On 16 Jan 2010, at 00:56, Anh Hai Trinh wrote:
I'm not sure that I'd agree with the simpler API part though :-)
I was referring to your old API. Still, we are both obviously very biased here :-p
For sure. I'm definitely used to looking at Future-style code so I find the model intuitive.
Does ThreadPool using some sort of balancing strategy if poolsize where set to < len(URLs)?
Yes, of course! Otherwise it wouldn't really qualify as a pool.
"retrieve" seems to take multiple url arguments.
Correct. `retrieve` is simply a generator that retrieve URLs sequentially, the ThreadPool distributes the input stream so that each workers get an iterator over its work load.
That's a neat idea - it saves you the overhead of a function call.
If delicate job control is necessary, an Executor can be used. It is implemented on top of the pool, and offers submit(*items) which returns job ids to be used for cancel() and status(). Jobs can be submitted and canceled concurrently.

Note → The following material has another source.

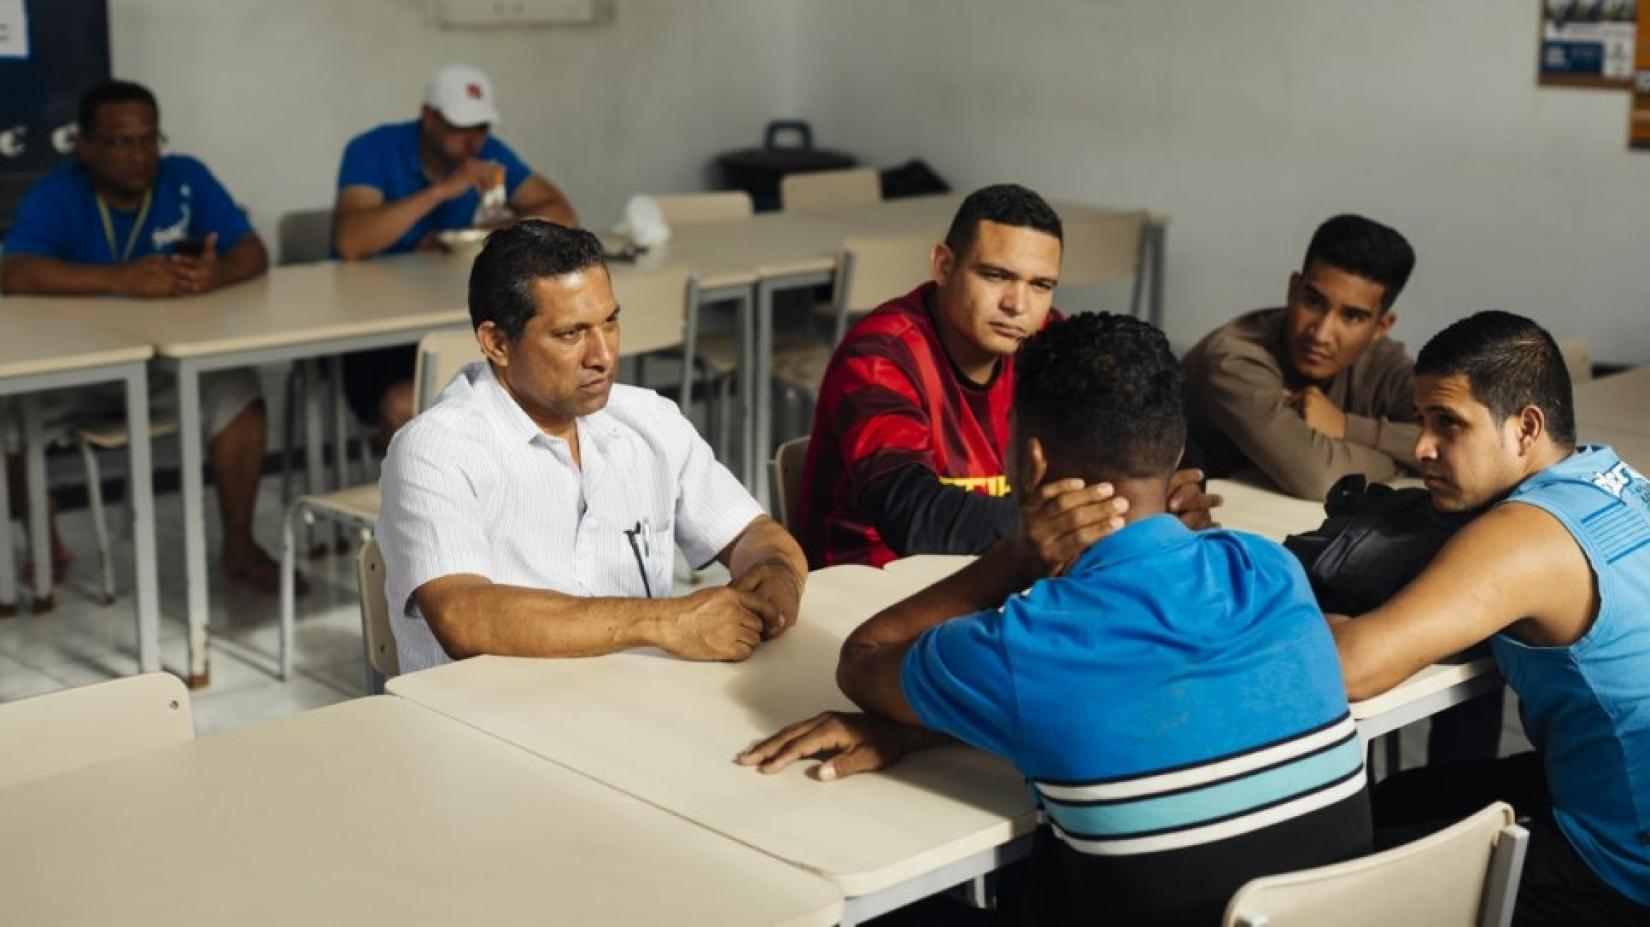 Na extrema esquerda, o refugiado venezuelano Gonzalez conversa com os atuais moradores do Centro Transitório de Acolhimento (CTA), em São Paulo, onde morava. Foto: ACNUR/Gabo Morales

What type is each "item" supposed to be?
Whatever your iterator-processing function is supposed to process. The URLs example can be written using an Executor as:
e = Executor(ThreadPool, retrieve) e.submit(*URLs) e.close() print list(e.result)
There are two common scenarios where I have seen Future-like things used: 1. Do the same operation on different data e.g. copy some local files to several remote servers 2. Do several different operations on different data e.g. parallelizing code like this: db = setup_database(host, port) data = parse_big_xml_file(request.body) save_data_in_db(data, db) I'm trying to get a handle on how streams accommodates the second case. With futures, I would write something like this: db_future = executor.submit(setup_database, host, port) data_future = executor.submit(parse_big_xml_file, data) # Maybe do something else here. wait( [db_future, data_future], timeout=10, # If either function raises then we can't complete the operation so # there is no reason to make the user wait. return_when=FIRST_EXCEPTION) db = db_future.result(timeout=0) data = data.result(timeout=0) save_data_in_db(data, db) Cheers, Brian
Can I wait on several items?
Do you mean wait for several particular input values to be completed? As of this moment, yes but rather inefficiently. I have not considered it is a useful feature, especially when taking a wholesale, list-processing view: that a worker pool process its input stream _out_of_order_. If you just want to wait for several particular items, it means you need their outputs _in_order_, so why do you want to use a worker pool in the first place?
However, I'd be happy to implement something like Executor.submit(*items, wait=True).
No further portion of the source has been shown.